INTERVIEW: If you hadn’t become a model, what do you think you would have done instead?
AMBER VALLETTA: I thought of doing many things. I wanted to be an archeologist at one point, but I was a little kid. I wanted to be a social worker. I don’t think I really had any idea. I don’t even know what would have happened to me had I not become a model. I don’t know if I would have gotten out of Oklahoma. I was so young when things started happening for me and I realized I could make a living. After the first summer modeling, I came home with almost as much money as my mom made in a year—after being away for about two months. I just decided to give it a shot, and if it didn’t work, I was going to go to college.
INTERVIEW: Now you’re 29. Are you ever surprised that you’ve been doing it for so long?
DARIA WERBOWY : Sometimes I am still surprised that I’m a model and that people think I’m good-looking. I’ve gone through a lot of different phases on what I do and why I do it—morally and ethically. I’ve tortured myself about it, especially in dealing with success and money. I just had to learn to look at it as a job, as opposed to identifying myself as a model and thinking of myself as a part of this industry. I just thought, Okay, this is an opportunity to learn and see and meet people. Still, I am a Scorpio and I’m quite competitive. If I’m going to do something, I’m going to do it as best I can. I’m going to give it everything.
INTERVIEW: You were really the first model where it was acceptable for any kid to put a picture of you up on their bedroom walls—straight girls, gay girls, straight boys, gay boys. Everyone had Kate Moss up and everyone agreed you were beautiful. Before you got into this business, who did you have up on your walls in your bedroom in Croydon?
KATE MOSS : I had David Bowie and Rob Lowe. I had boys. But I met a friend who had Linda Evangelista on her wall. Those famous Peter Lindbergh pictures.
INTERVIEW: You just did an underwear campaign for Calvin Klein, a brand you’ve had a long association with over the years. Then, on the flipside, you also just did the campaign for Jason Wu, a younger designer. How does it feel to be working on those different kinds of projects now?

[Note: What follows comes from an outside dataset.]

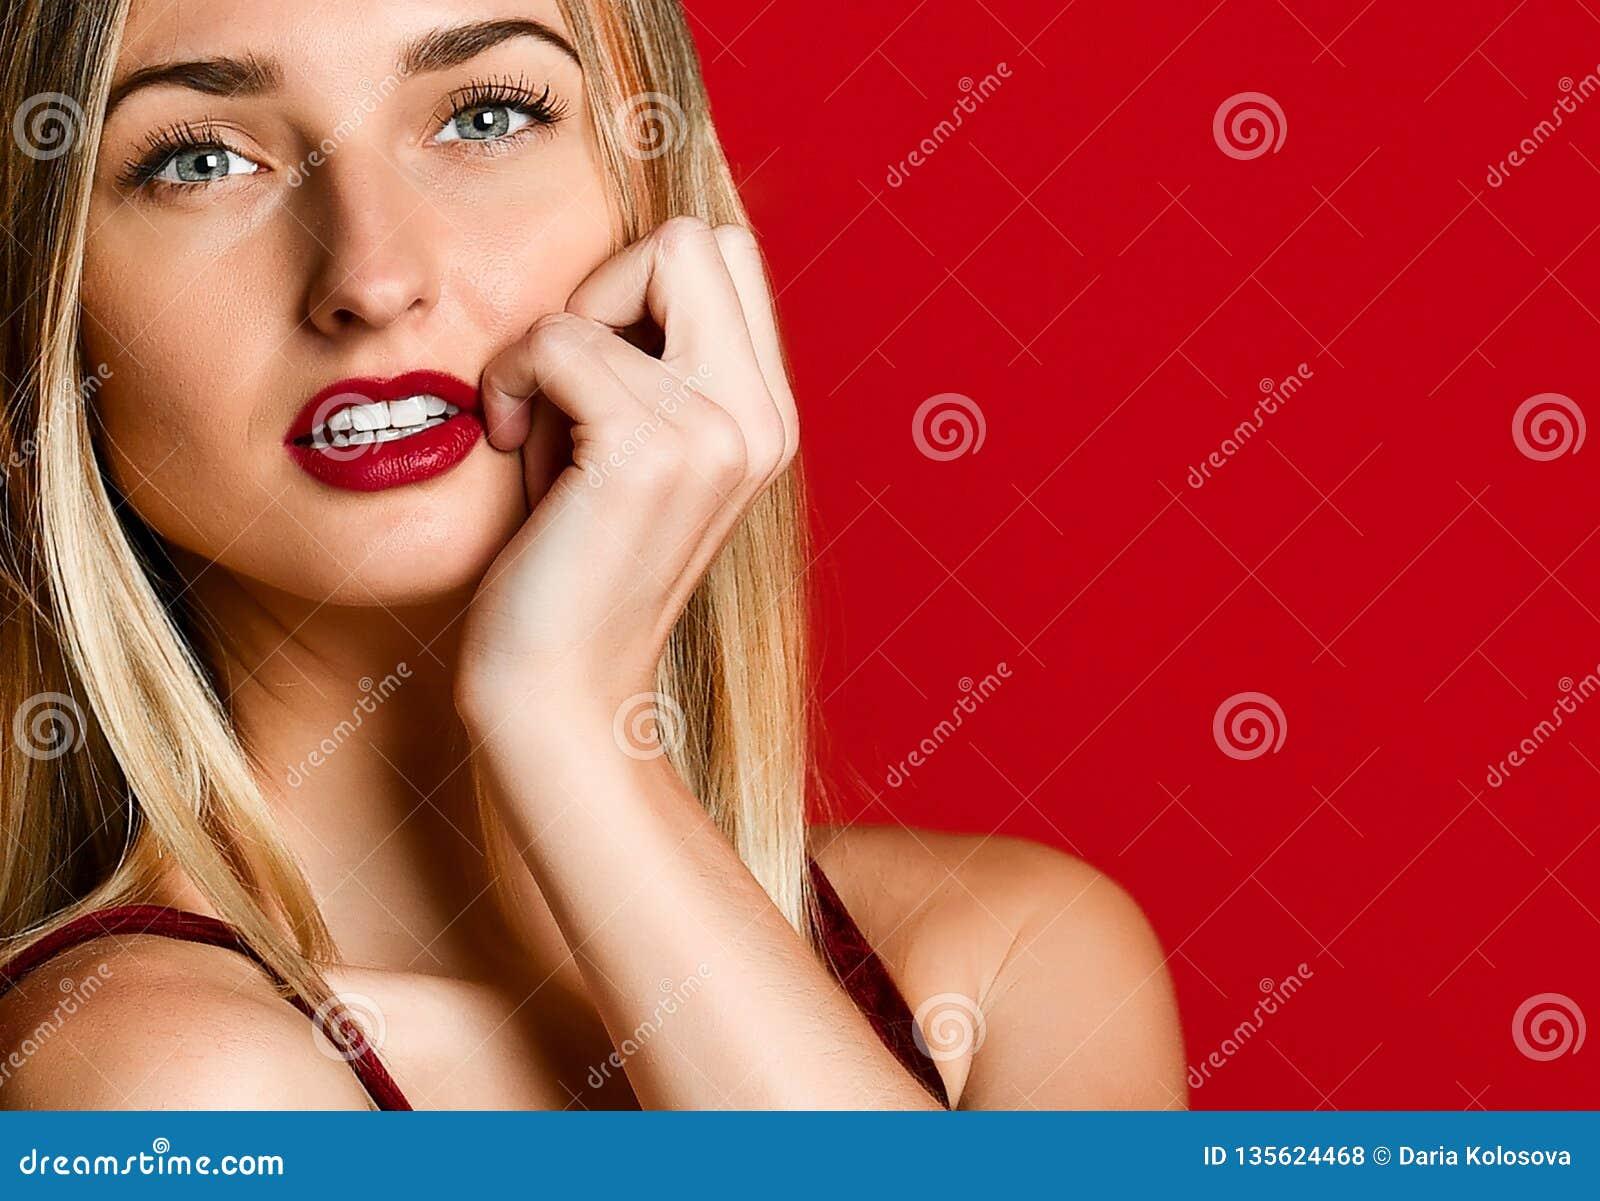 Menina modelo das mulheres  sexy  no dia de Valentim do amor com bordos vermelhos que aturde os olhos azuis surpreendentes

CHRISTY TURLINGTON: While I haven’t worked as a full-time model for about 20 years, I’ve always maintained a few relationships. Calvin and Maybelline are the two longest. I’m flattered by the offers I receive, but there’s no real strategy to the way I choose what to do these days. If I’m in a good mood and have the time, I’m more likely to consider it. Often the photographer and team are important factors, too. I needed to think seriously about the CK underwear campaign, because I knew it would be everywhere, and I wasn’t sure I wanted to be photographed in my underwear now that I’m a mother. But I knew the images would be tasteful and I liked the idea of continuing a relationship with a brand that I grew up with. The Jason Wu campaign was totally different. I’ve worked more with Inez and Vinoodh than with any other photographers over the last dozen years, and I trust their vision and instincts. I know the photos will be pretty and the day will go smoothly. I was worried about having two fashion campaigns out at the same time, and when I got the offer for Jason Wu, I had just shot Prada with Steven Meisel, and my kids were in their final week of school. But I’m happy I agreed in the end. People seem to really like them.

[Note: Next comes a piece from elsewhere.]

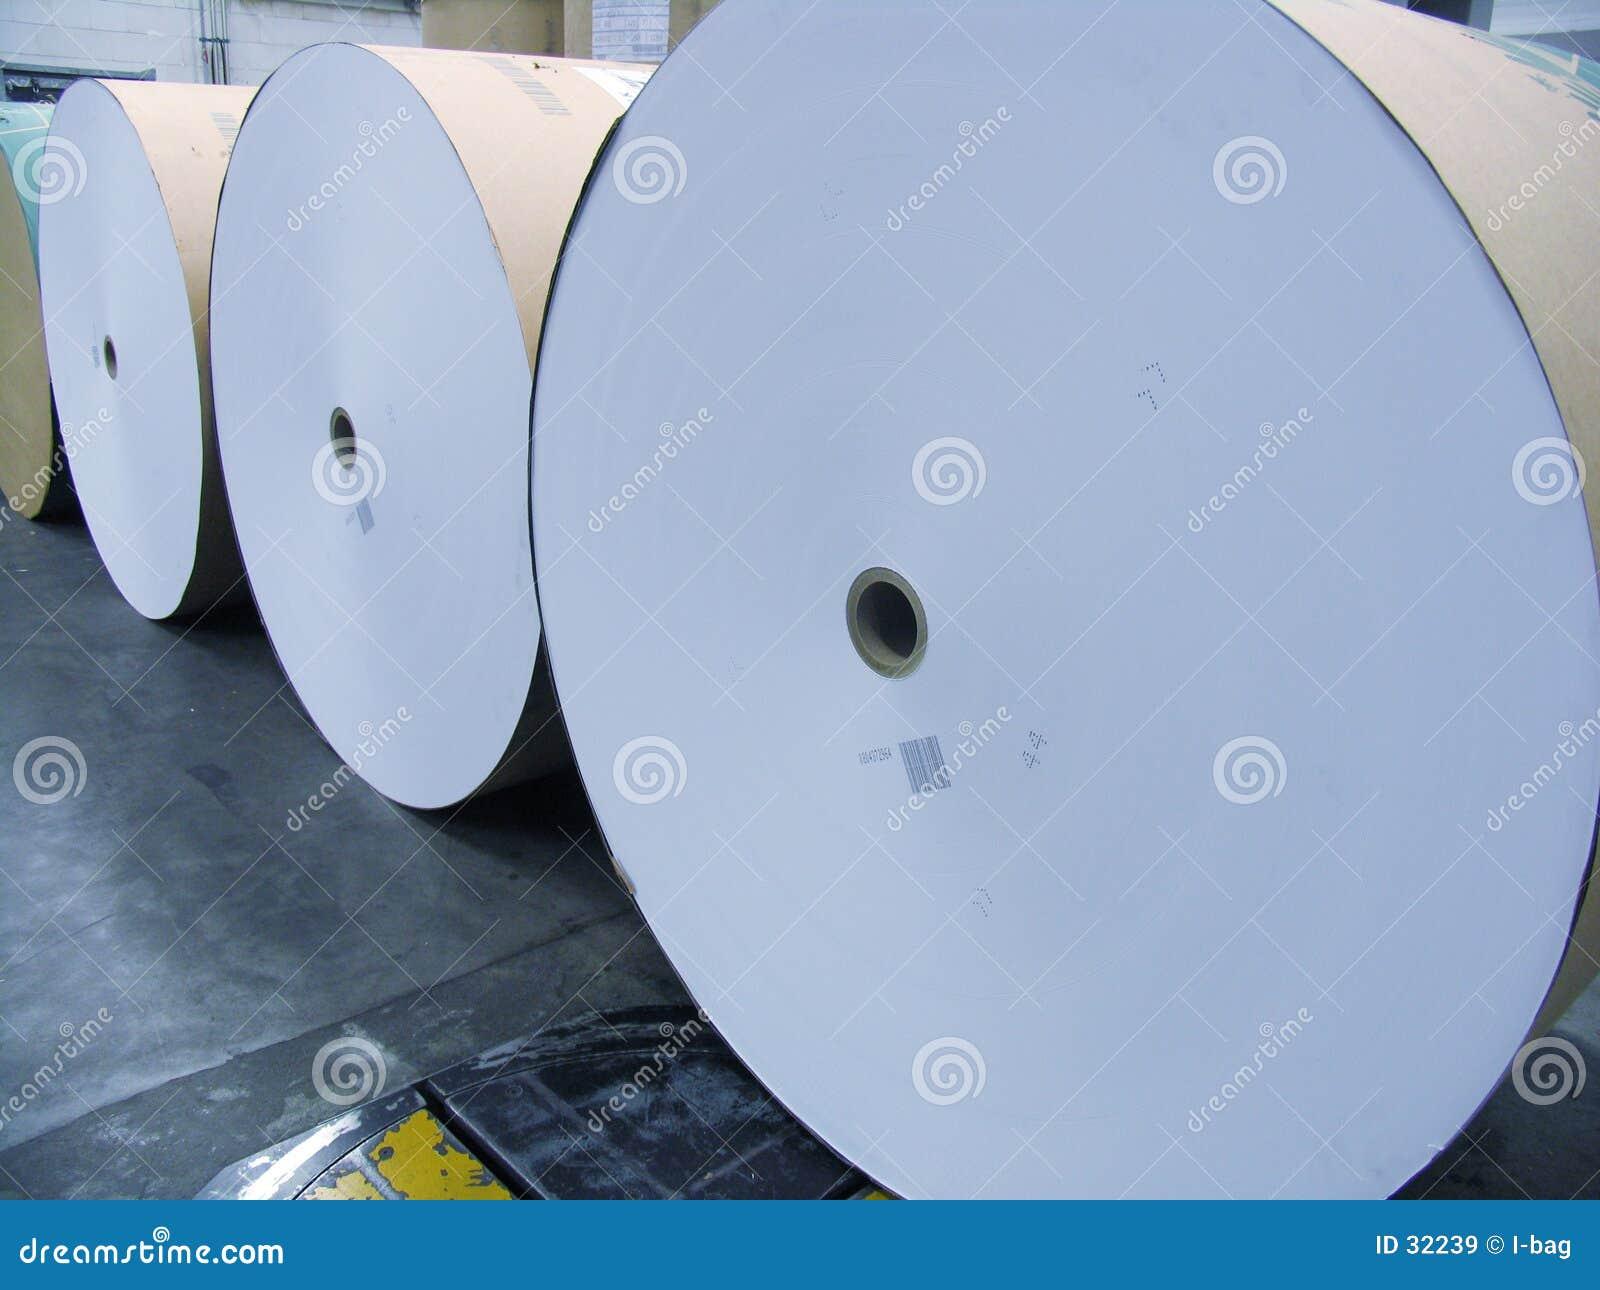 Huge paper rolls

INTERVIEW: So much of fashion photography—especially today—is about the image, the end product. But what, for you, is the most enjoyable part of it? Is it seeing that iconic picture? Is it the process?
STEPHANIE SEYMOUR : Oh, it’s always the process. I know that there is so much more that they can do now with computers, so making images has become a different process. But without the process, I don’t believe that you can have that product of a photograph that is memorable. But in terms of retouching and postproduction, Dick was doing all of that stuff, too, swapping heads out and things—and way before computers. I did this photograph with him with these monkeys. It was a double-page and I was looking at the monkey and the monkey was looking at me. We had these two baby monkeys, which were on my arm, but they couldn’t be separated from their mother and they were all screaming. So we did the picture where I’m screaming at the monkey, but we couldn’t get the shot where I’m screaming at the monkey and the monkey is screaming back at me and we’re both facing each other. So Dick shot the monkey separately with the mother where I was, and then he just put it together to create the image.
INTERVIEW: Did you ever keep a diary during your early days as a model?
LINDA EVANGELISTA : I used to keep a diary in the beginning. I had my agenda with my appointments in it, and used to put Polaroids in there from the shoot and make a note. That lasted a couple of years. When my son was born, I thought, I will never forget this moment, and I thought that every day after. And recently he asked me, «When did I lose my first tooth?» And I said, «I don’t remember.» [laughs]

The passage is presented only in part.